Кто-то из земляков ударил кулаком по столу. Из-за двери потекла тишина.
– Я прошу вас, – зашептал отец, – я прошу вас, господин…
Леонтий перебил папу папиным голосом:
– …господин Шерстобитов, – я прошу вас оставить мой дом… Так, что ли?!
– Нет, зачем же так крайне резко? – сказал растерянно папа, – так же, должно быть, как Ипполит, когда дядя студент спросил его в лоб о курении. – В столовой готовится чай…

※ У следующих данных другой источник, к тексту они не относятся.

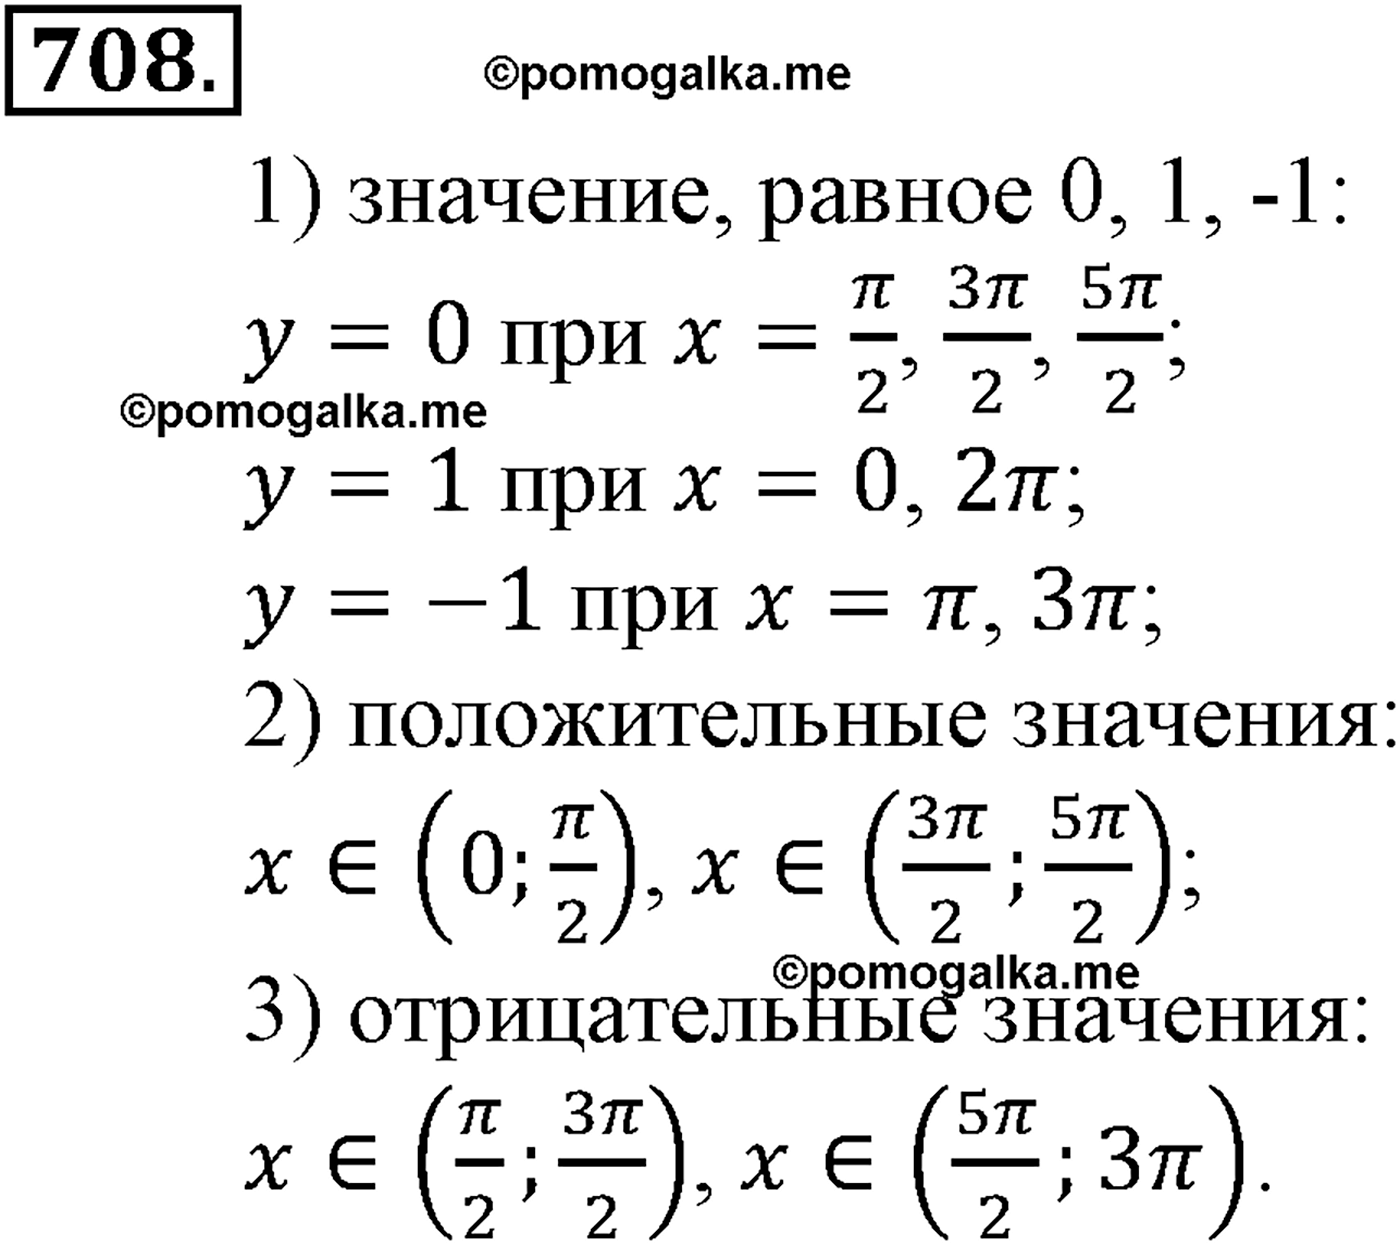 разбор задачи №708 по алгебре за 10-11 класс из учебника Алимова, Колягина
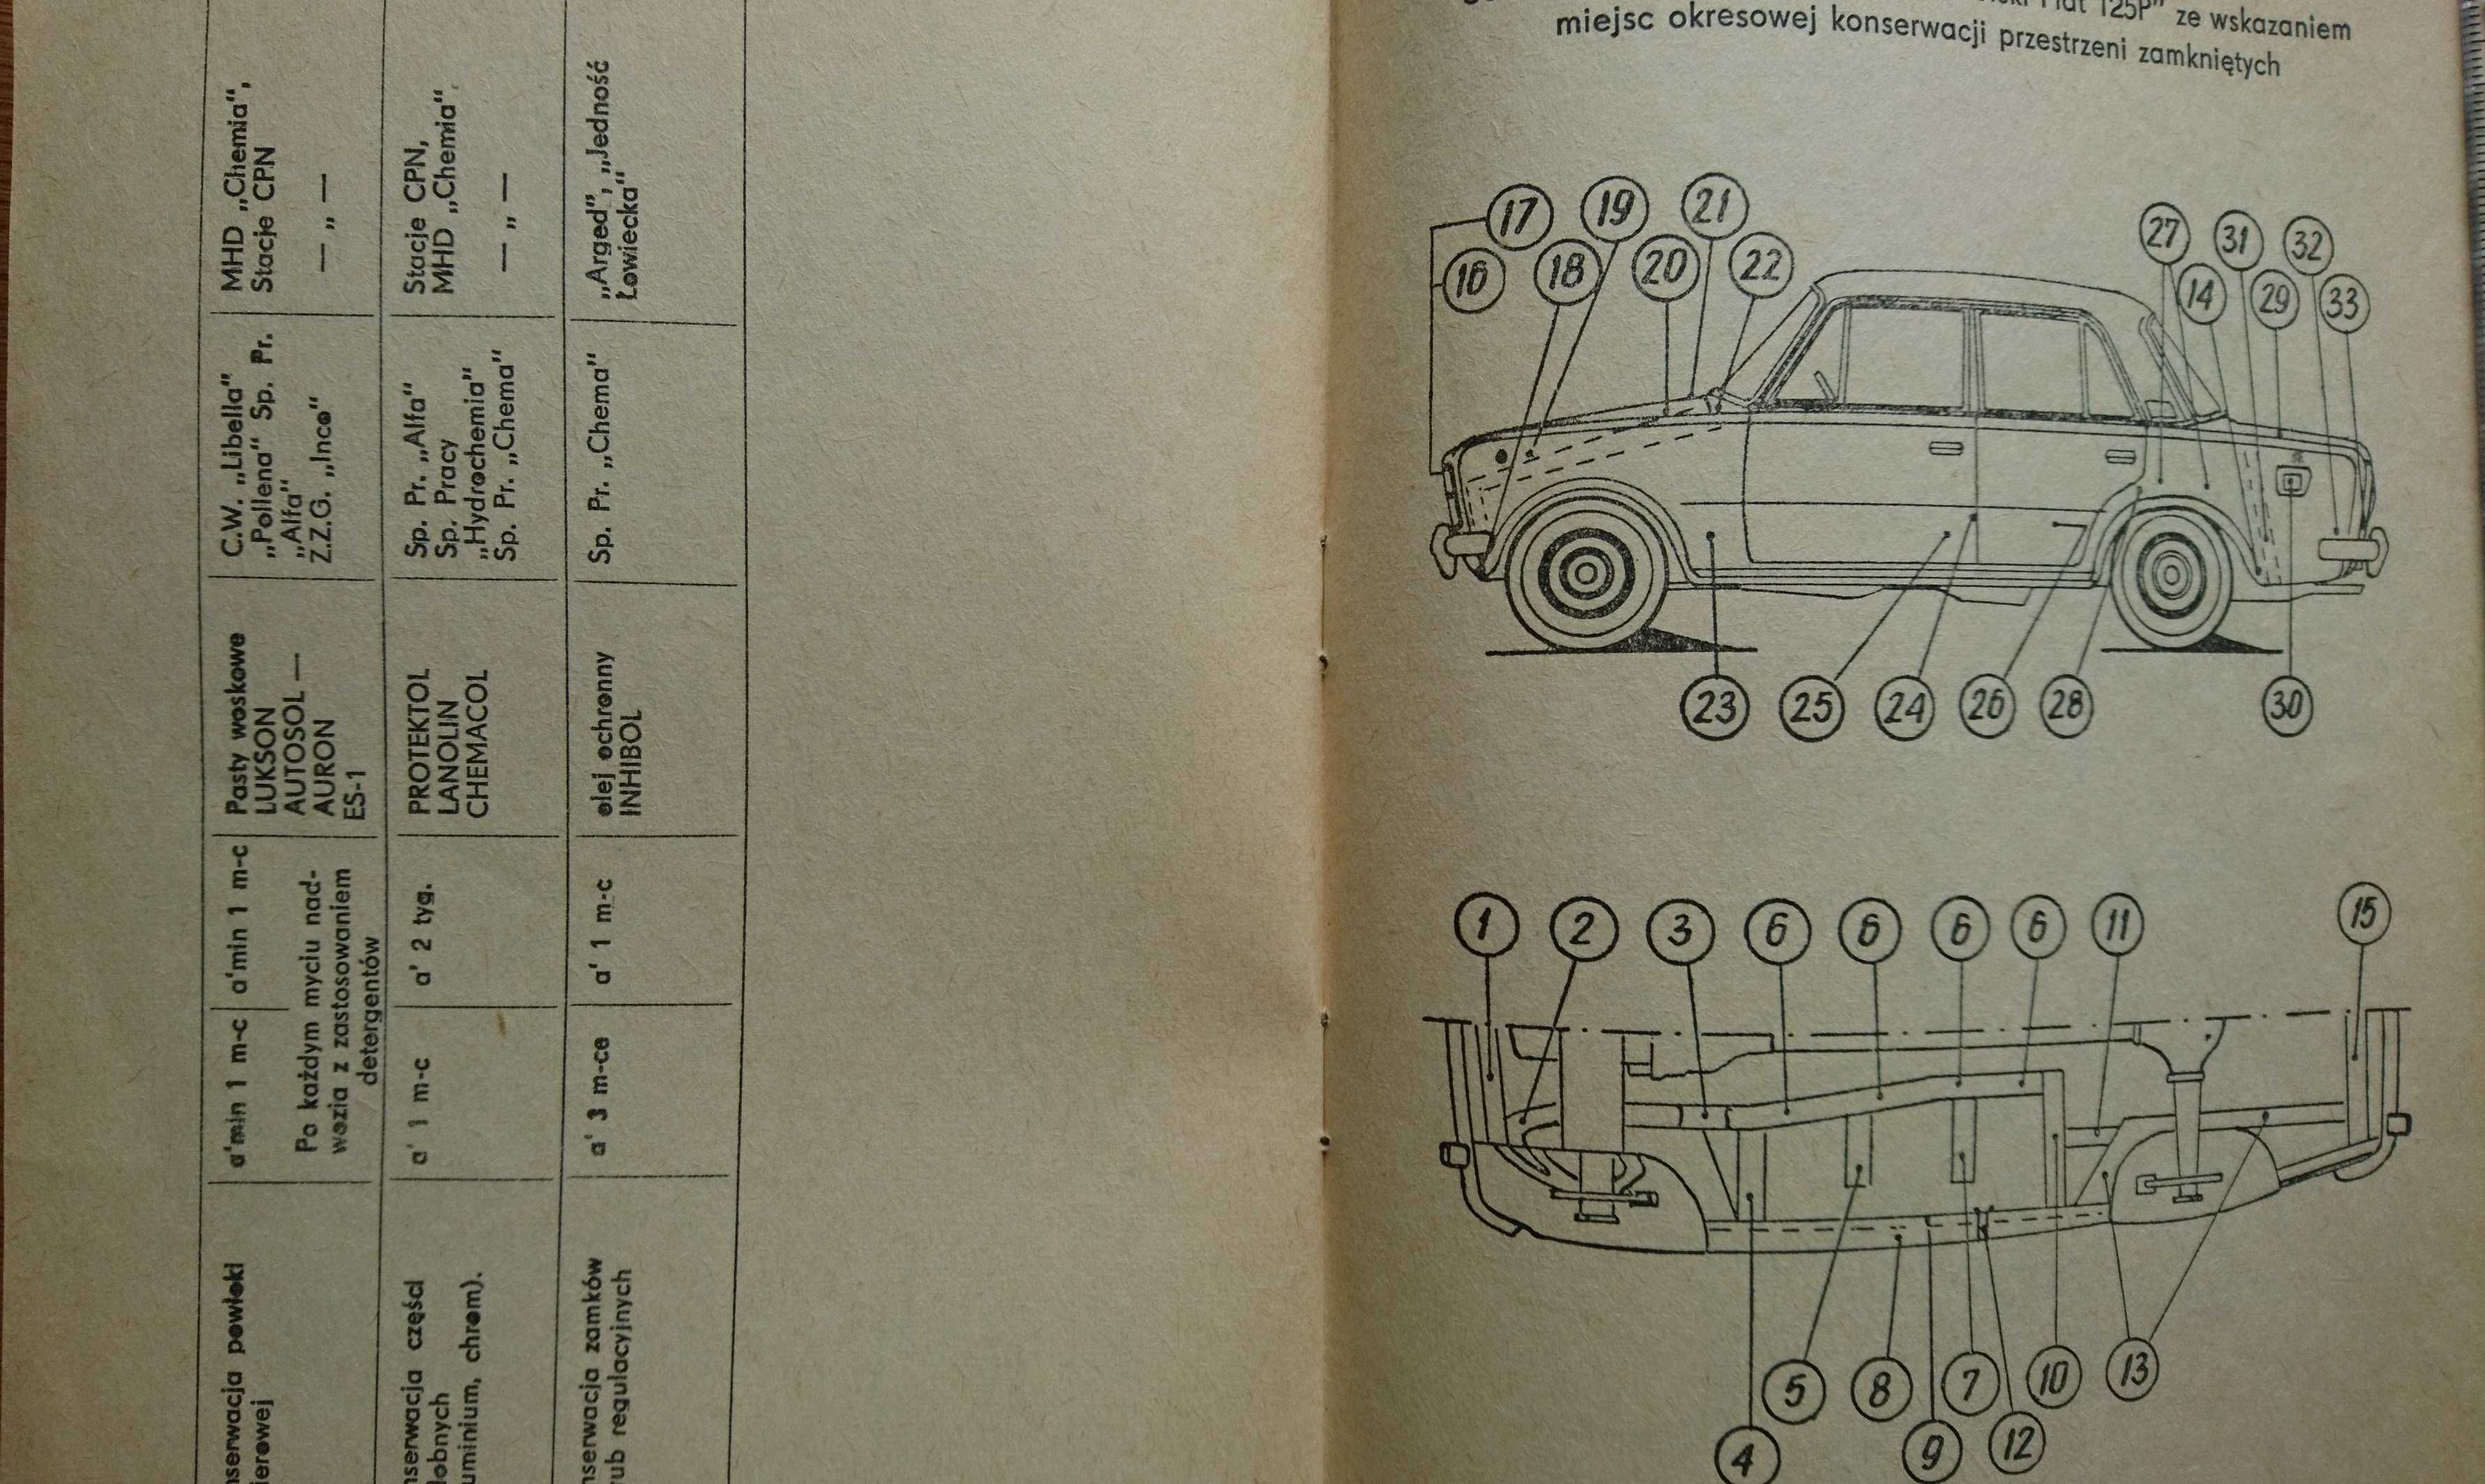 książka  naprawa samochodów FSO 125 P + konserwacja samochodu Fiat 125

– Нет, совсем не резко, но логично, – сказал Шерстобитов безразличным голосом. – Я сейчас оденусь и уйду. Скажите на всякий случай вашей местной полиции, чтобы особенно меня не трогали и не трепали, – все-таки я у вас ночь ночевал… Дайте мне две папиросы, ибо свои я выкурил, а эти две будем считать лекарством…
Ипполиту показалось, что под ним поплыл сундук.
Дядя продолжал:
– Будем считать их лекарством… Я оденусь сейчас и пойду искать себе в городе крышу. Если хотите, можете также пойти со мною к жандарму и к исправнику, – как их? – Цветков и Бабенин? – я должен представиться им, а вы сдадите меня с рук на руки…
Папа – почти рысью, поддерживая обеими руками халат на животе, никак не заметив Ипполита, – пробежал в спальню. Он крикнул из спальни:
– Ипполит, возьми, отнеси папирос дяде!..
Дядя Леонтий, по воле которого папа бегал за папиросами, как Ипполит, – дядя Леонтий был необъясним и великолепен.
– Дядя Леонтий, – прошептал Ипполит заговорщицки, – а жить вам лучше всего будет у Никиты Сергеевича Молдавского, – там все порядочные люди живут – революционеры…
– Ага. Так… Значит, слово – революционеры – ты знаешь?
– Да…
– Откуда?
– От папы…
– А что это значит?.. – это слово?
– Папа их называет мерзавцами, а из его же слов выходит, что они – порядочные люди…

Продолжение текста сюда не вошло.